Read every section. Then decide.
Shares Bazaar Investment Scheme
Let’s start with what Shares Bazaar actually claims to be, and then what it actually appears to do.
On paper, Shares Bazaar positions itself as a research analyst firm offering market insights to retail investors.
Their SEBI registration number is INH200010001. Under this registration, the firm is legally permitted to publish research reports, offer general market analysis, share educational content about financial markets, and recommend sectors based on publicly available data.
None of that sounds alarming. Research analysts are a legitimate, regulated part of India’s financial ecosystem.
But here is where the story takes a sharp turn.
The moment you land on their website, something feels off. Instead of research reports and subscription packages, you’re greeted with return-based plans, prominently, a 48% return on investment promise.
There is a dashboard showing a growing investment figure in real time. It looks impressive. It feels exciting. It is also almost certainly fake.
SEBI is very clear: registered research analysts are not permitted to guarantee returns or solicit client funds.


They cannot advise you to put money into specific stocks, and they absolutely cannot collect that money into their own bank accounts.
Yet Shares Bazaar reportedly shared a bank account number and IFSC code directly on their website, which raises one unavoidable question: if investors are managing their own money (as regulations require), why does a research firm need your funds transferred to their account?

That question has no innocent answer.
Their FAQ section adds another layer of concern. Several questions carry grammatical inconsistencies, and the tone reads less like a service company clarifying its offerings and more like a pitch deck designed to reassure wavering investors.

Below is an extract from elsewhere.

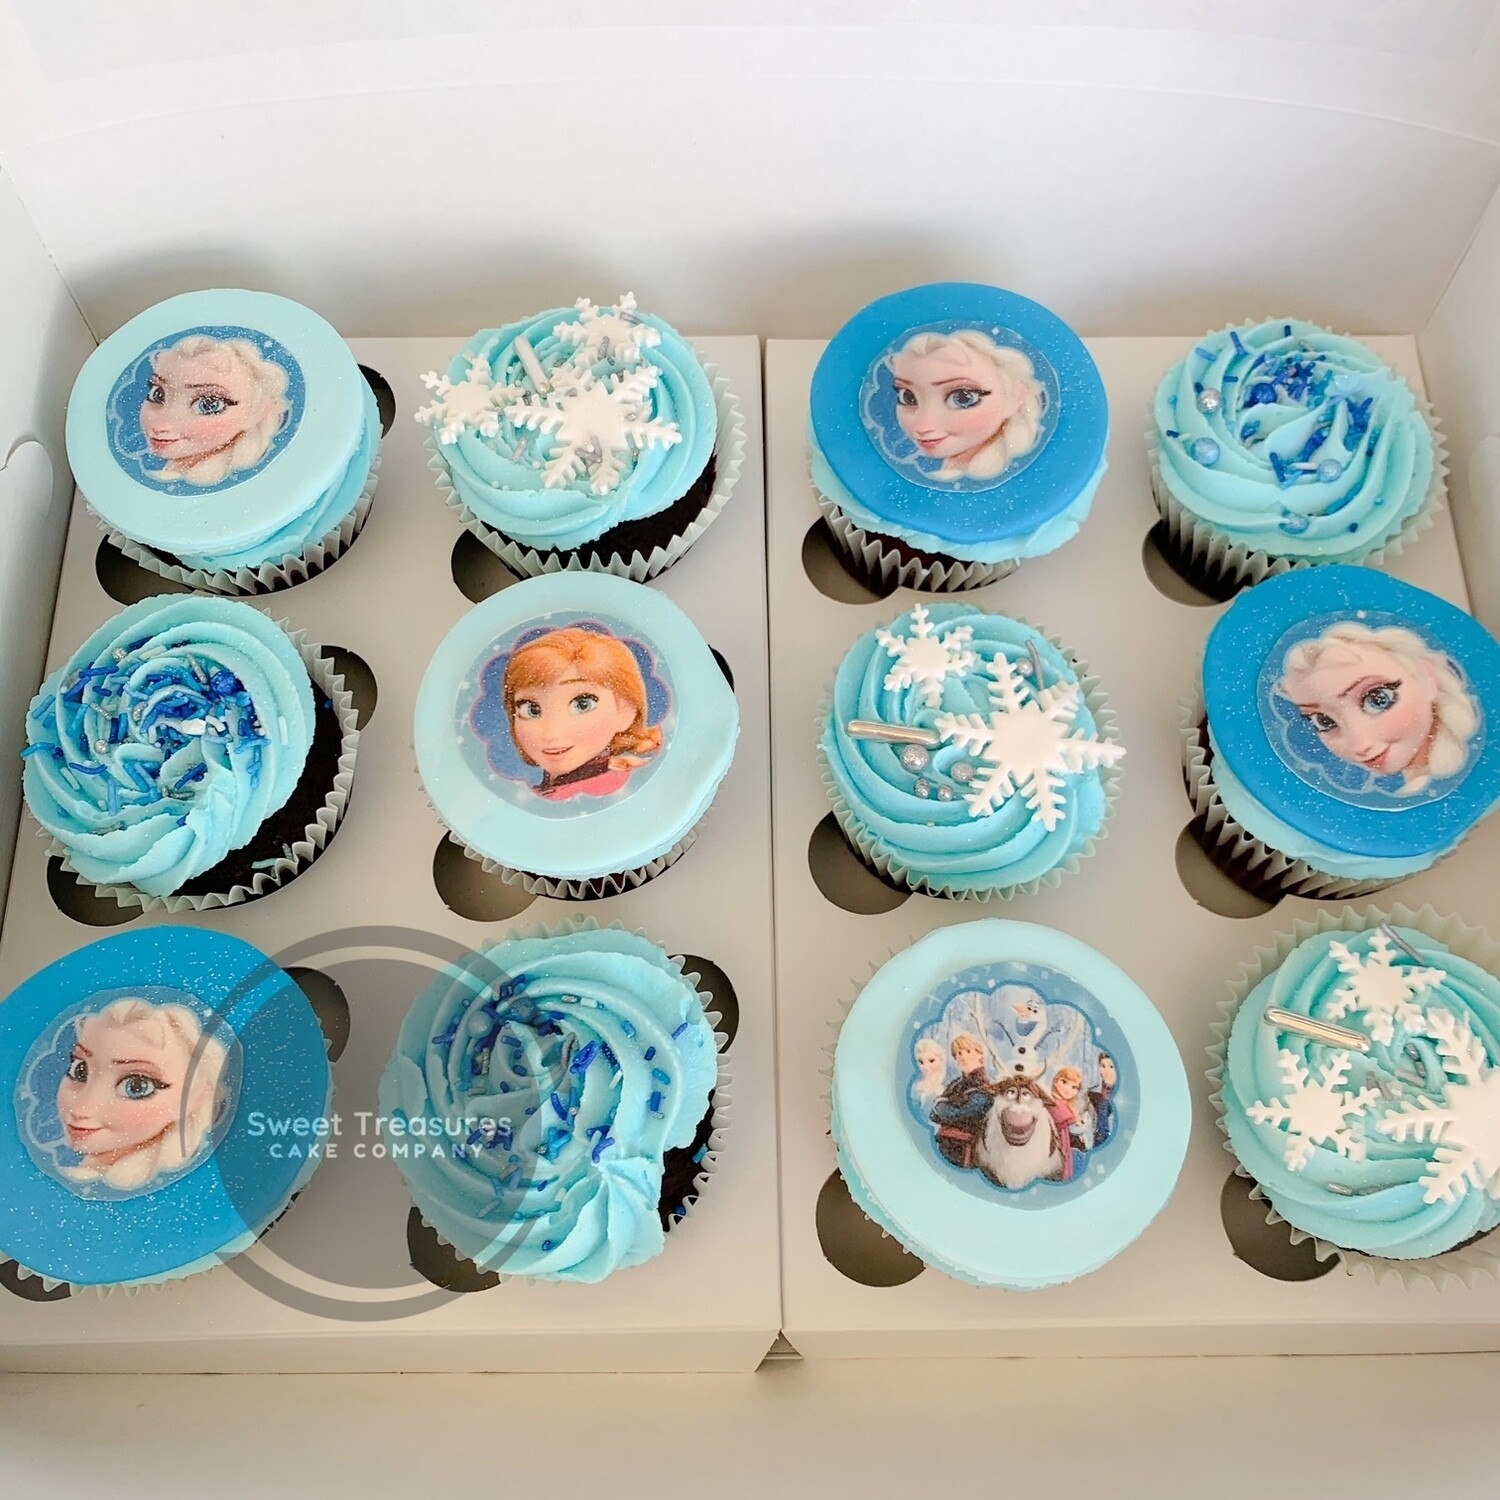 Frozen / Elsa themed cupcakes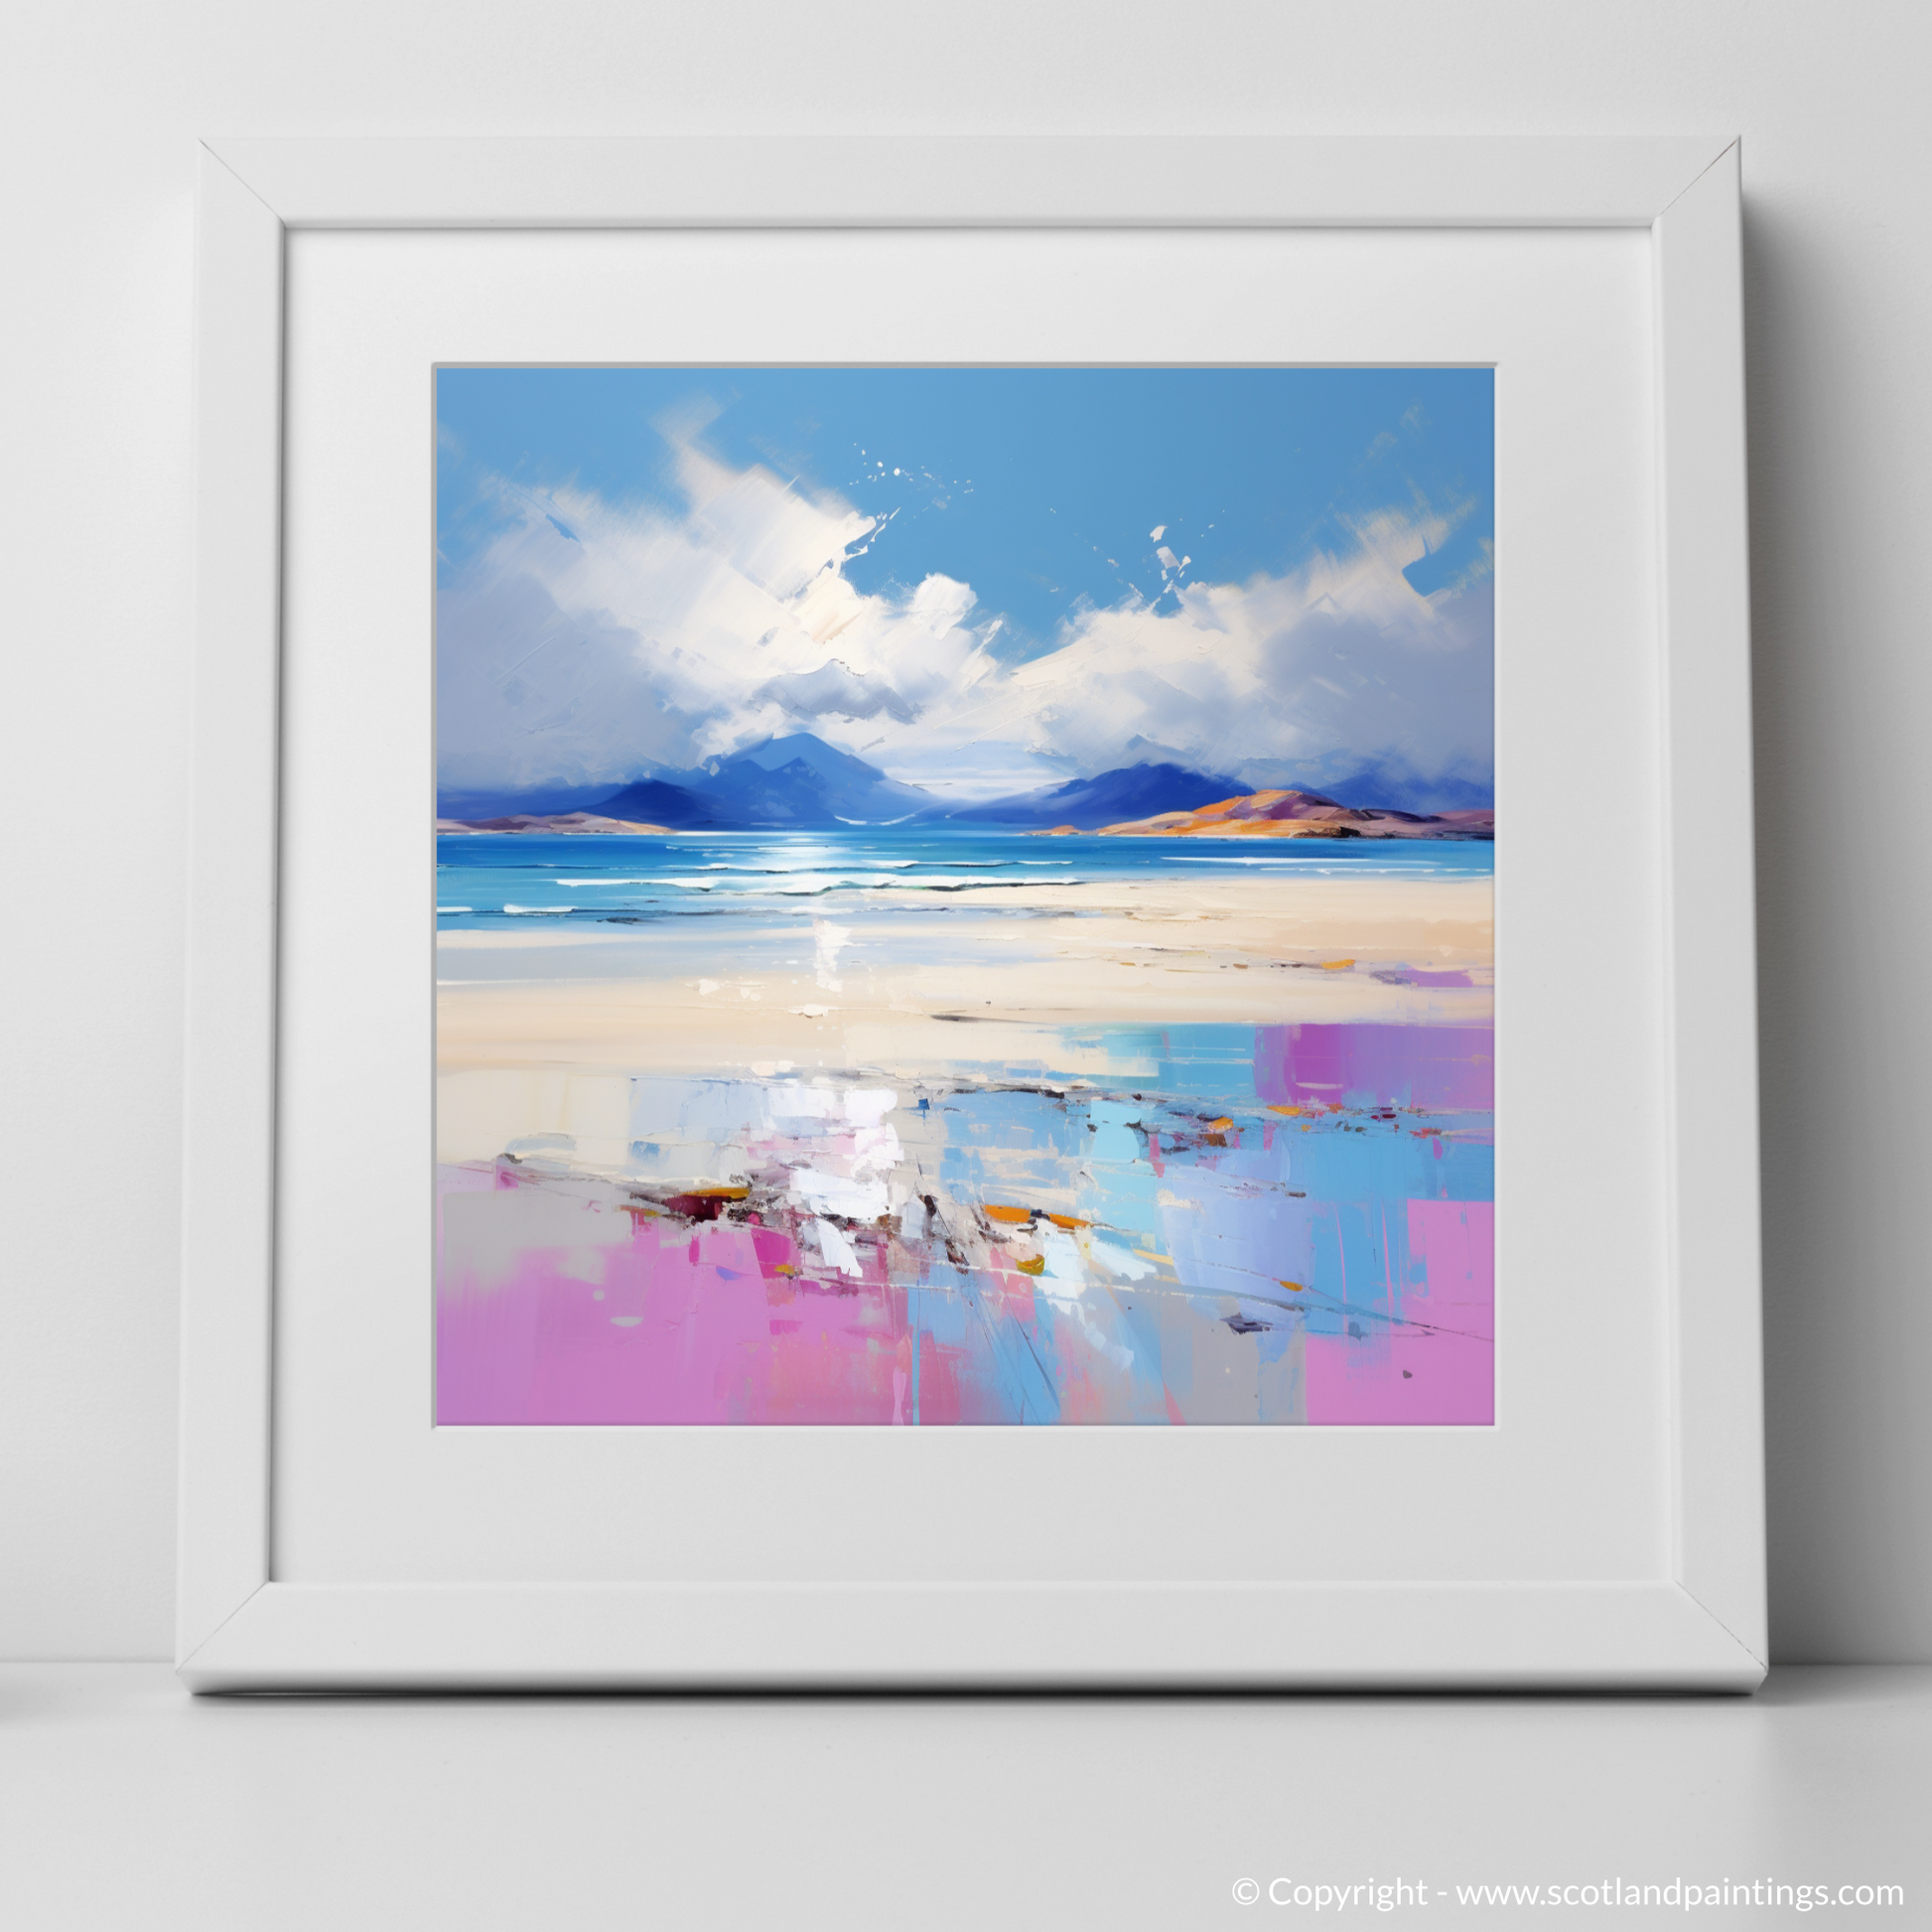 Art Print of Luskentyre Beach, Isle of Harris with a white frame

A genuine research platform explains how to access reports. This one explains why your returns are worth waiting for.
And perhaps the most glaring regulatory gap: SEBI mandates that registered research analysts publicly disclose their complaint data.
Shares Bazaar shows no such information anywhere on its website. This is not a technicality. It is a direct, visible non-compliance.
Shares Bazaar Founder
Nanavath Bhupal Naik, also known as N.B. Naik, was born on April 8, 1983, in Kandikonda Village, Kuravi Mandal, Mahaboobabad District, Telangana.
He earned an MBA in Business Analytics from Hindustan Institute of Technology and Science.
Before entering entrepreneurship, Nanavath Bhupal Naik worked as a petrol pump attendant, a humble beginning that, by his own account, instilled discipline and people skills that shaped his leadership later on.
He eventually founded Shares Bazaar and also launched Kisaan Parivar, an agricultural initiative that claims to support organic farming and rural communities.
In April 2025, he was honoured at the 25th Asian Business and Social Forum in New Delhi as one of India’s Greatest Sustainable Leaders 2024-25 by AsiaOne Magazine.
On the surface, it is a compelling origin story. But as we will see in the sections that follow, the biography and the business record tell very different stories.
Shares Bazaar Private Limited Fake or Real
This is the question thousands of investors are now typing into search engines, and it deserves a precise answer rather than a vague one.
Shares Bazaar Private Limited is a real, registered company. It holds a valid SEBI registration as a research analyst. It has a functioning website, a social media presence, and a recognisable founder.
None of that is in dispute.
What is in dispute is whether the company operates within the legal and ethical boundaries of what a SEBI-registered research analyst is actually permitted to do.
The distinction matters enormously. A company can be “real” in the sense of being legally incorporated while simultaneously operating in ways that regulators consider illegal.
The registration number alone does not guarantee that the business model is compliant, and in Shares Bazaar’s case, multiple regulators have suggested that exactly that gap exists.
Share Bazaar SEBI Registered
A SEBI registration number is not a character certificate. It is an entry pass, one that confirms a firm cleared the paperwork on day one, not that it has stayed within the rules every day since.
Shares Bazaar carries registration number INH200010001, and that number is real.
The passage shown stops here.